Like other tobamoviruses, CGMMV is seed-borne (contamination on seed coat and endosperm but not in embryos, Reingold et al., 2015) and can be easily transmitted mechanically resulting in new infections on susceptible hosts. Thus, a new infection can be initiated from contaminated seeds to seedlings (Sui et al., 2019). CGMMV can also be transmitted through infected cucumber pollen (Liu et al., 2014 Plant Pathol., 63) and by the movement of contaminated soil and transplants (Dombrovsky et al., 2017).
The mechanism of seed transmission (virus transferred from contaminated seeds to cause a new infection on seedlings through natural germination) in CGMMV is not fully understood. Through seedling grow-out, only low to no seed transmission to seedlings was observed when low number of seeds (hundreds) were tested (Sui et al., 2019). Assuming a low transmission rate (0.1%) from seeds to seedlings (Dombrovsky and Smith, 2017, Advances in Seed Biology), a high number of seeds (thousands) should be used for a seedling grow-out experiment to assess seed transmission. On the other hand, using seed extract processed from contaminated seeds as inoculum through mechanical inoculation, a high rate of virus transmission was obtained, demonstrating that CGMMV transmission can occur from contaminated seed to seedlings through mechanical means during germination (Sui et al., 2019).

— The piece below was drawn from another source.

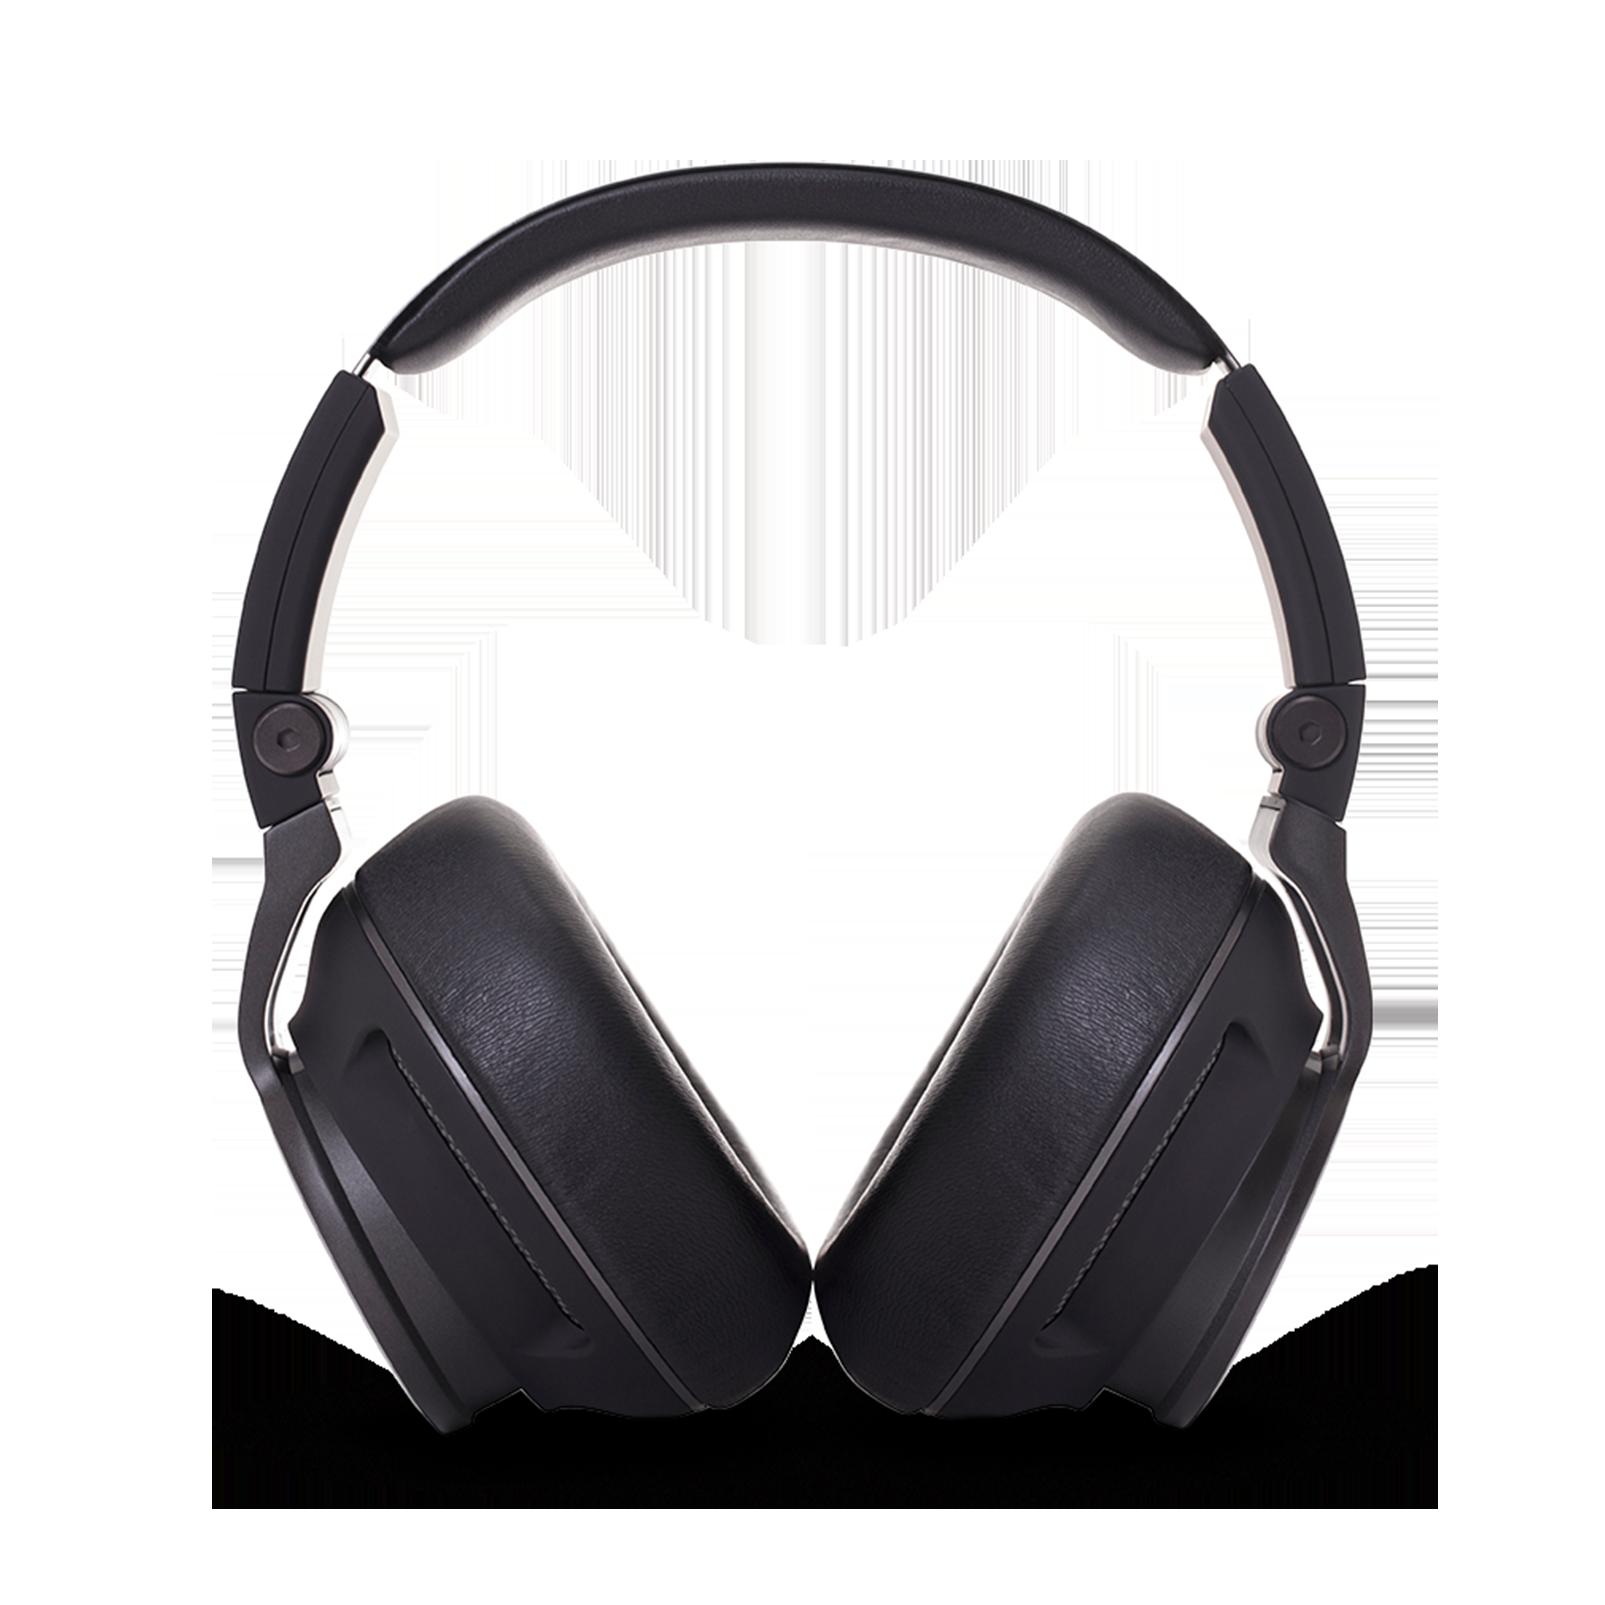 Headphones Jbl Synchros E30 Page 3 Daftar Update Harga Terbaru Headset Home S500

All cucurbit species tested, thus far, are susceptible to CGMMV, including cucumber, muskmelon, watermelon, squash, bottle gourd, luffa (Luffa aegyptiaca), bitter gourd (Momordica charantia), snake gourd (Trichosanthes cucumerina), and winter melon (Benincasa hispida). In addition, some ornamentals and weeds are also hosts for CGMMV, including Amaranth (Amaranthus spp.), squirting cucumber (Ecballium elaterium), black nightshade (Solanum Americanum), wild gooseberry (Ribes uva-crispa), and benthi (Nicotiana bethamiana). These non-cucurbit hosts may serve as reservoirs for CGMMV during the off-season (Dombrovsky et al., 2017). However, in California, CGMMV was not detected in weeds in cucurbit seed production areas (Falk et al., 2019, National Plant Disease Recovery System).
Several factors may have contributed to accelerating the global distribution of CGMMV in recent years, including the production of seeds in countries where CGMMV is widespread (Pitman et al., 2022) and increased trade of seed internationally. The production and handling of cucurbit crops using practices that lead to mechanical virus transmission may also contribute to spread. CGMMV can spread quicky through the grafting process if a contaminated seedlot or an infected plant is used for scions or rootstock.